__EXERCISE DIRECTIONS__. Write out exactly the lines running from the one with "SNAKE CHAIN COLLAR" to the end of the data, including both of those lines and excluding pictures.

__GIVEN INFORMATION__.
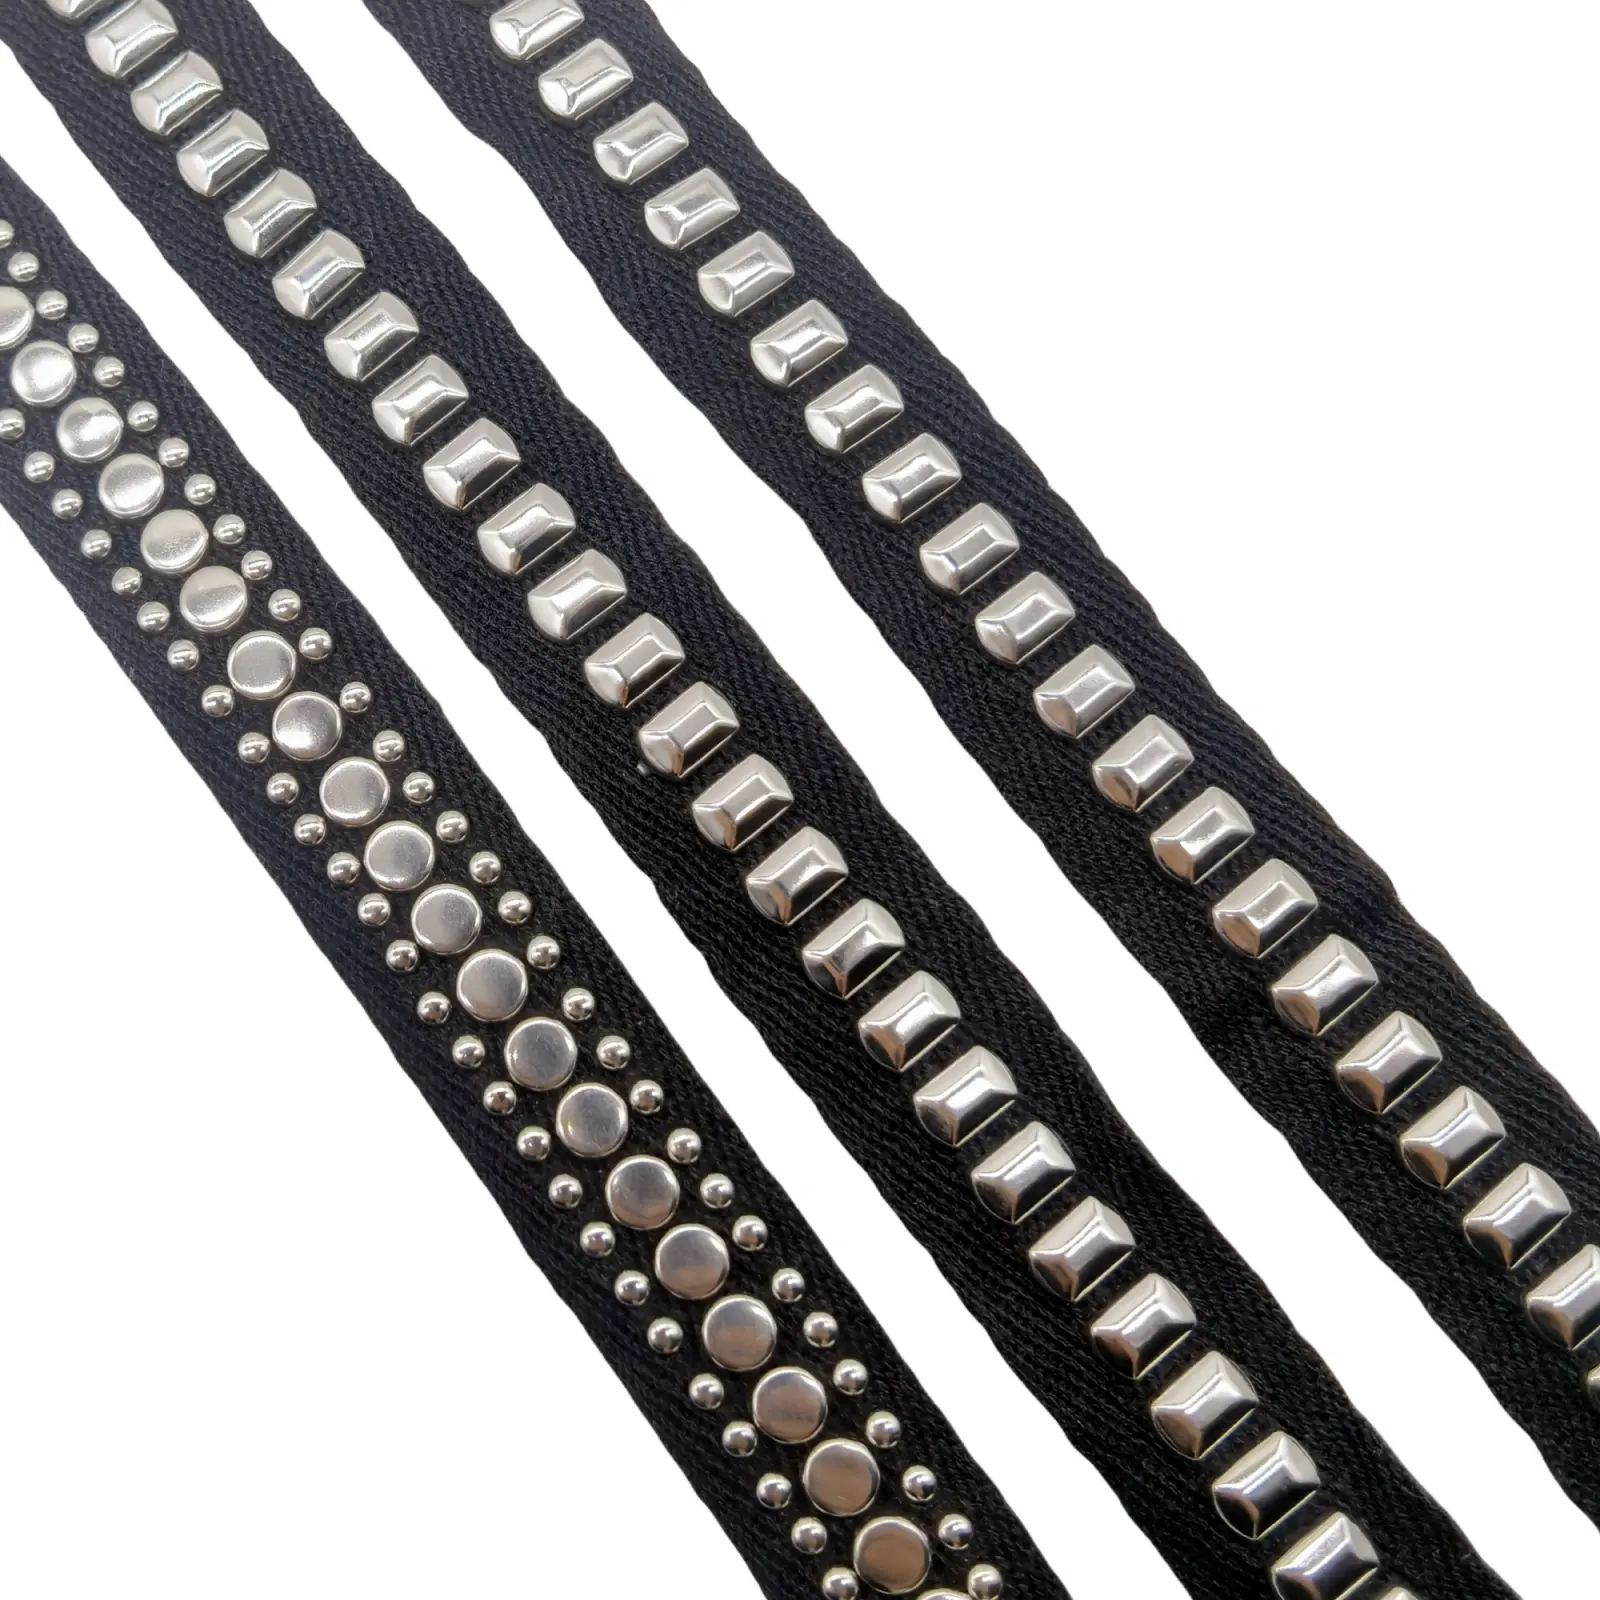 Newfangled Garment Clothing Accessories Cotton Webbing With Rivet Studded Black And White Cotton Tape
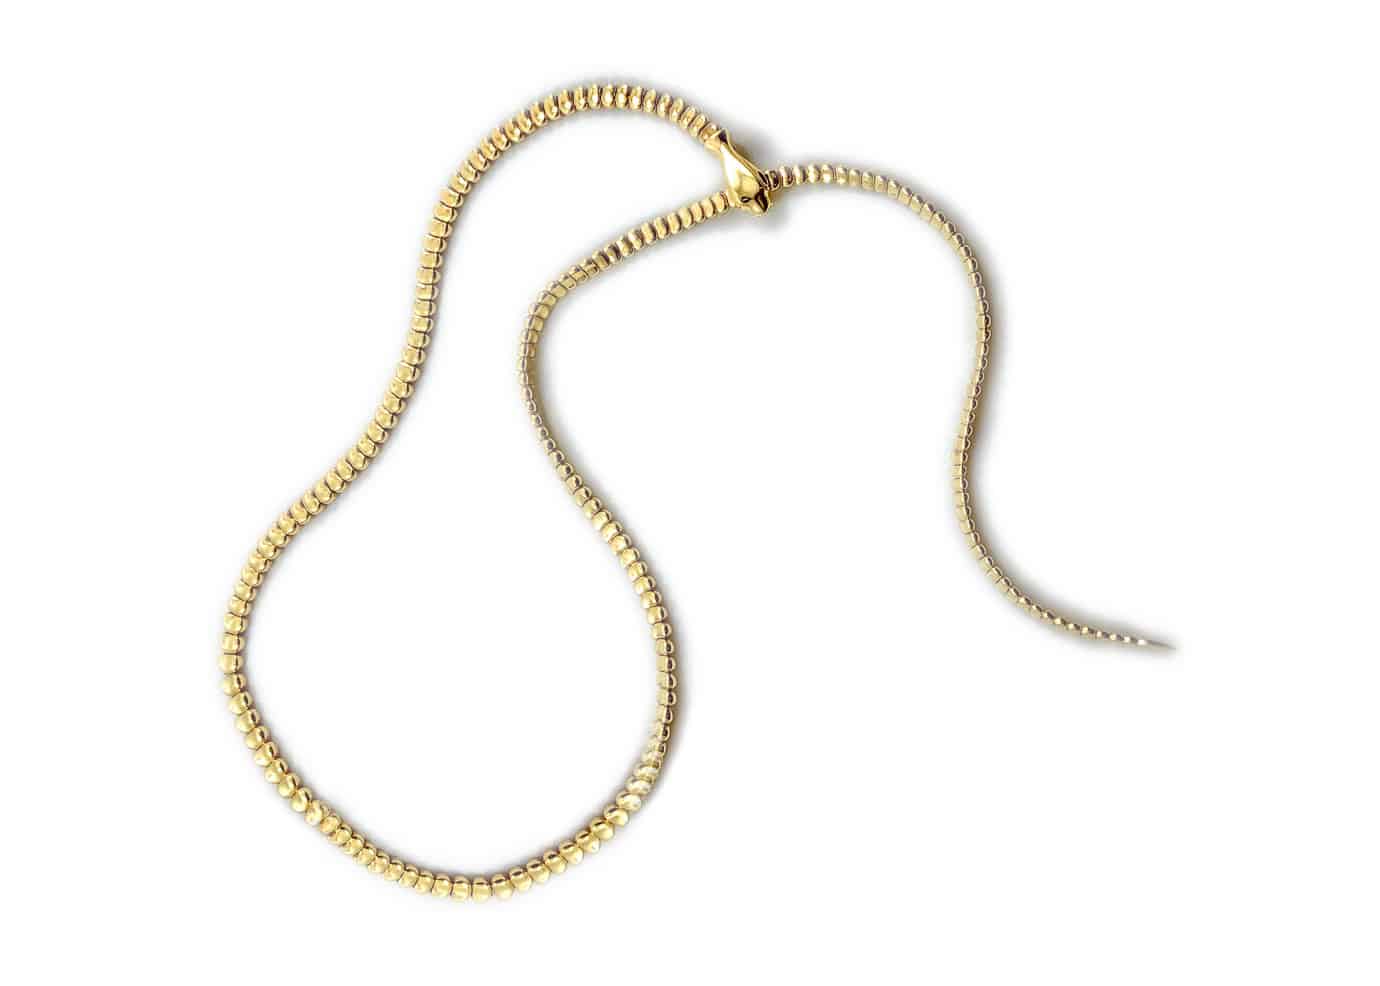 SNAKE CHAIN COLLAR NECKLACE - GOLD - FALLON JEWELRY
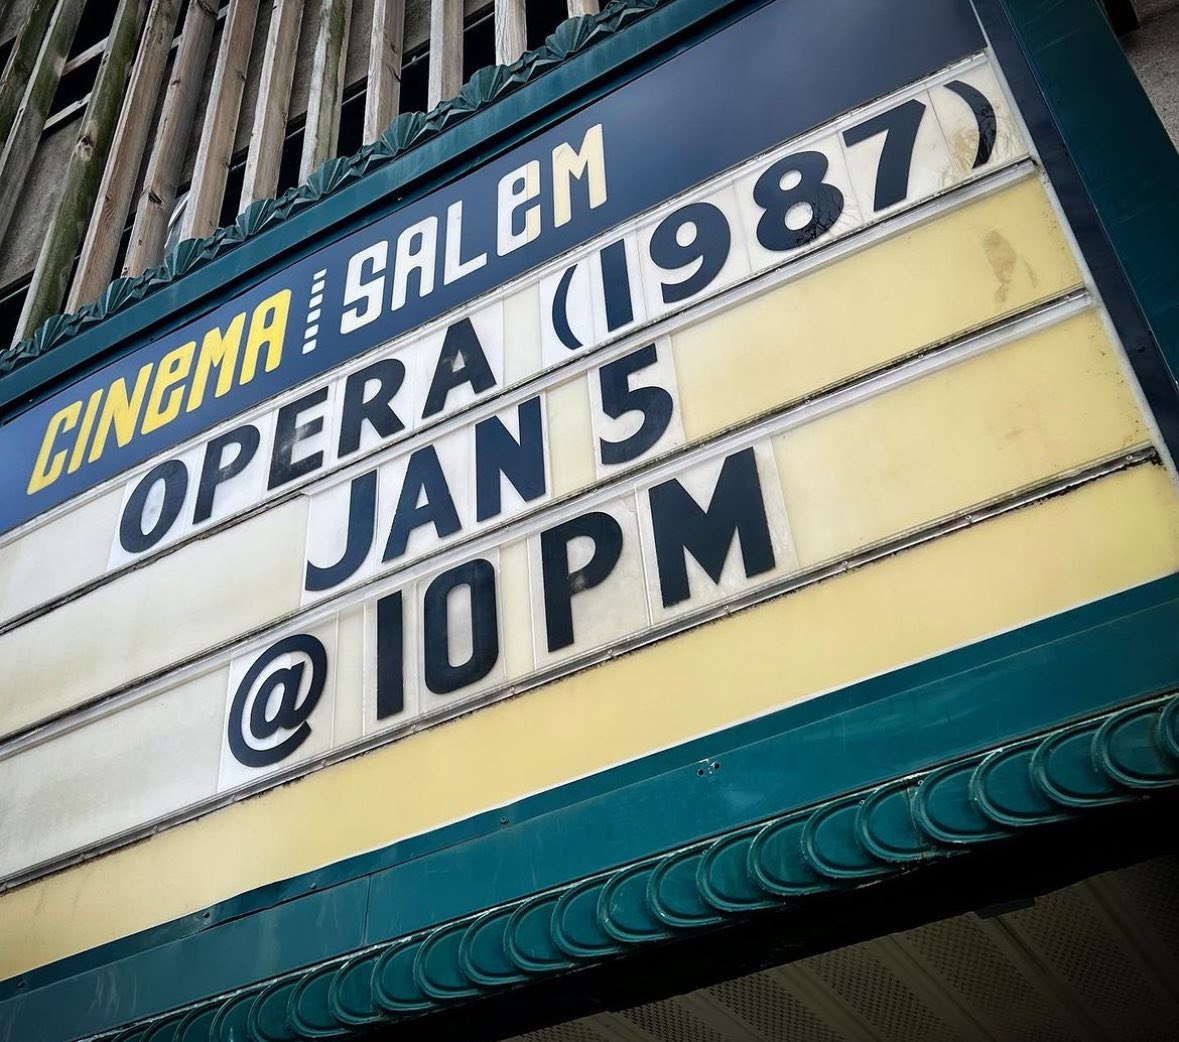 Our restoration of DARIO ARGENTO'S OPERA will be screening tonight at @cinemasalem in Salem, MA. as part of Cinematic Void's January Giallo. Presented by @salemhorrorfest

__ANSWER SECTION__.
 SNAKE CHAIN COLLAR NECKLACE - GOLD - FALLON JEWELRY
 Our restoration of DARIO ARGENTO'S OPERA will be screening tonight at @cinemasalem in Salem, MA. as part of Cinematic Void's January Giallo. Presented by @salemhorrorfest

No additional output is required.